The current building is the state’s third capitol, all of which have been in St. Paul. The first, completed in 1854, began as the territorial capitol and burned down in 1881. The second, completed on the same site in 1883, was inadequate from the start and soon prompted the legislature to order the current structure.
Born in Ohio and raised in St. Paul, the capitol’s architect, Cass Gilbert, was one of the great designers of public buildings. His work on the Minnesota capitol put him on the map and he moved his practice to New York City where he went on to design two other state houses in Arkansas and West Virginia, the Customs House in New York and the U.S. Supreme Court in Washington. Another Gilbert project, the Woolworth Building in New York, was the world’s tallest skyscraper from 1913-30.
Born in Norway, Knute Nelson was an important political figure in the early days of Minnesota and Wisconsin. He served as governor in the 1890’s. The accompanying figures are of him as a boy with his mother and as a Civil War soldier. Sadly, we rarely name our boy-children ‘Knute’ anymore.

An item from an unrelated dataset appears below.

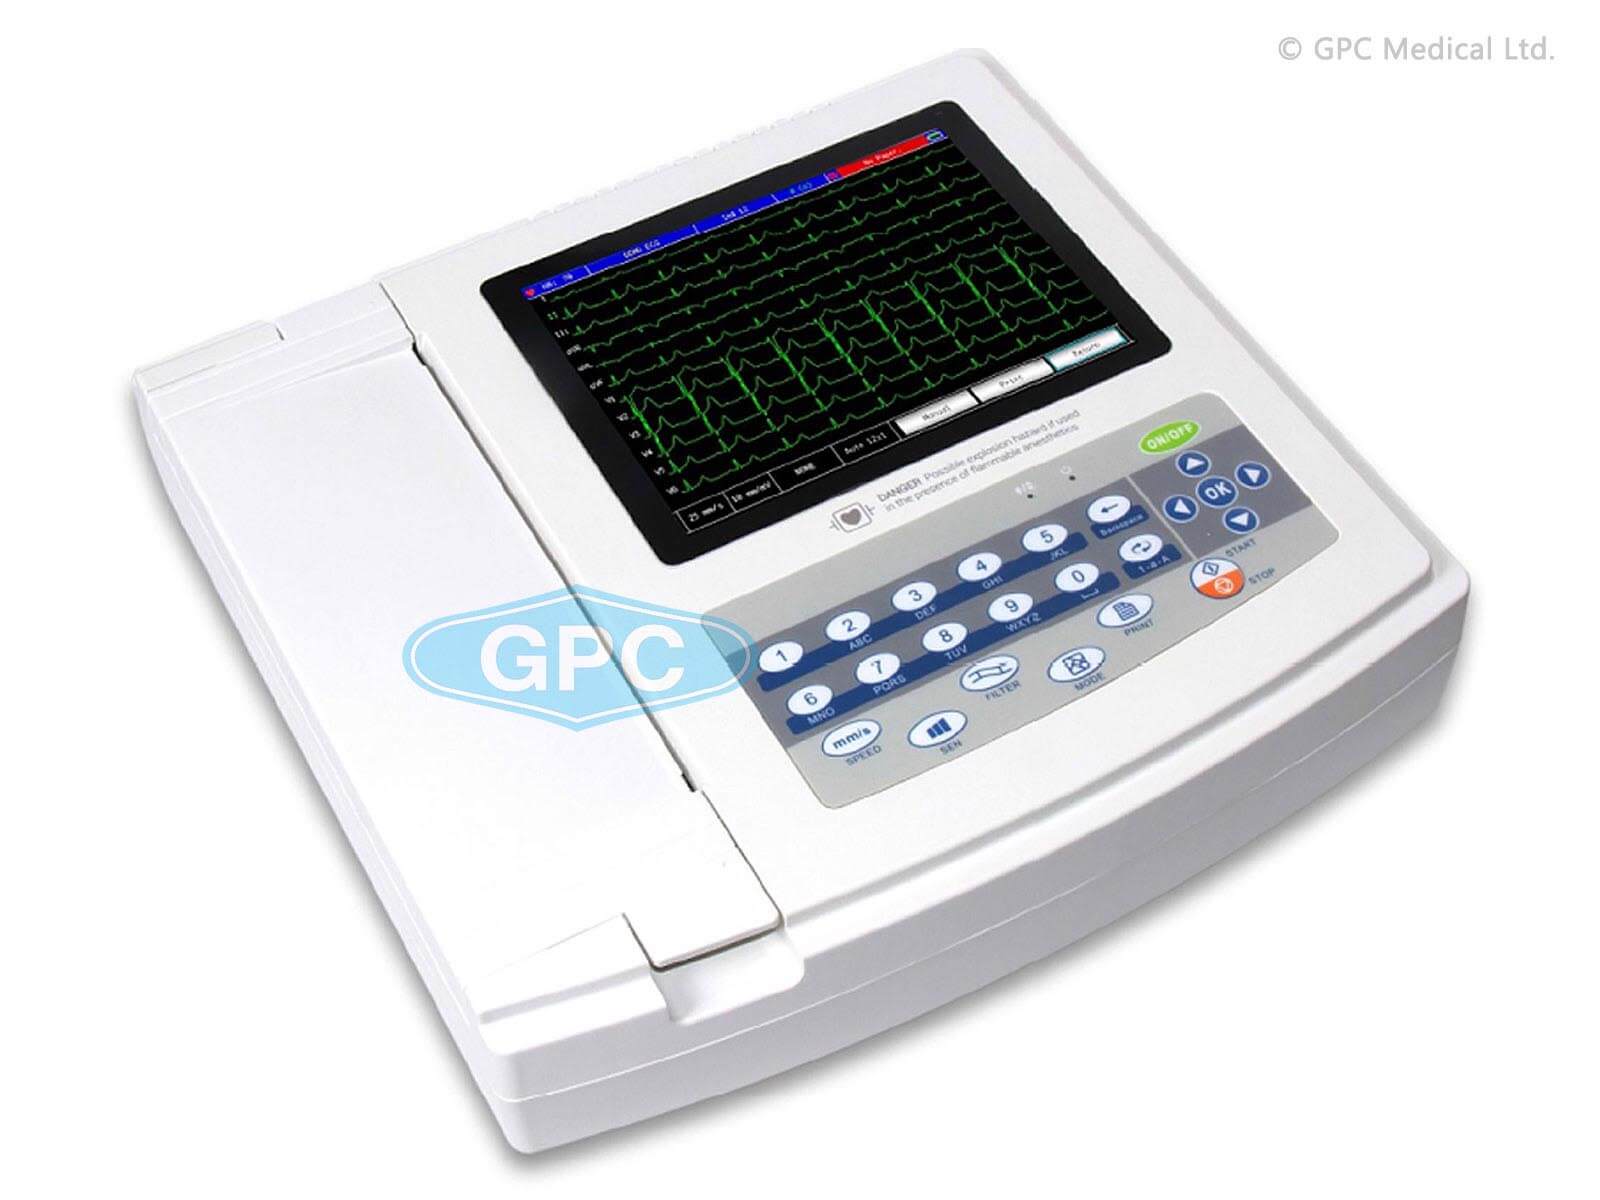 Electrocardiograph-12 Channel

Although Minnesota entered the Union in 1858, it did not have a native-born governor until John Johnson was elected in 1905. The popular three-term governor was responsible for civic reforms. He died in office at the age of forty-eight. The additional figures represent the state’s important early industries – agriculture, iron mining, timber and manufacturing.
After St. Peter’s Basilica in Rome, the capitol dome is the second largest self-supporting marble dome in the world. The dome actually has three layers with a brick and steel middle dome for additional support and water drainage and the inner dome that is seen from inside.
Architect Gilbert insisted on using bright Georgia marble for the dome instead of locally-mined stone. This upset some folks whose memories of the Confederate rebellion were still fresh but Gilbert prevailed and Minnesota rock was used in most other places.
The main (south) entrance does not have the Greek revival columns and triangular pediment common in many state houses. The portico is awash in allegorical statuary. Classically-draped women represent Prudence, Truth, Wisdom and Bounty while the males represent Integrity and Courage. Radiant above the Six Virtues is the golden quadriga (a chariot drawn by four horses abreast), shining like nothing else on the building.
Daniel Chester French was one of our great late 19th and early 20th century sculptors. He created the iconic seated figure of the president in the Lincoln Memorial. Architect Gilbert saw French’s ‘Columbus Quadriga’ at the Chicago World Exposition in 1893 and wanted one for Minnesota. Called ‘Progress of the State,’ it has four horses that represent the classical elements of nature – earth, fire, water and air. The two women embody industry and agriculture...civilization. (Remember – Man conquers. Woman civilizes). Instead of Columbus, the man driving it all is Minnesota. He holds a cornucopia of plenty.
The architect and planners wanted the rest of the country to know that Minnesota was more than immigrant miners, lumberjacks and farmers.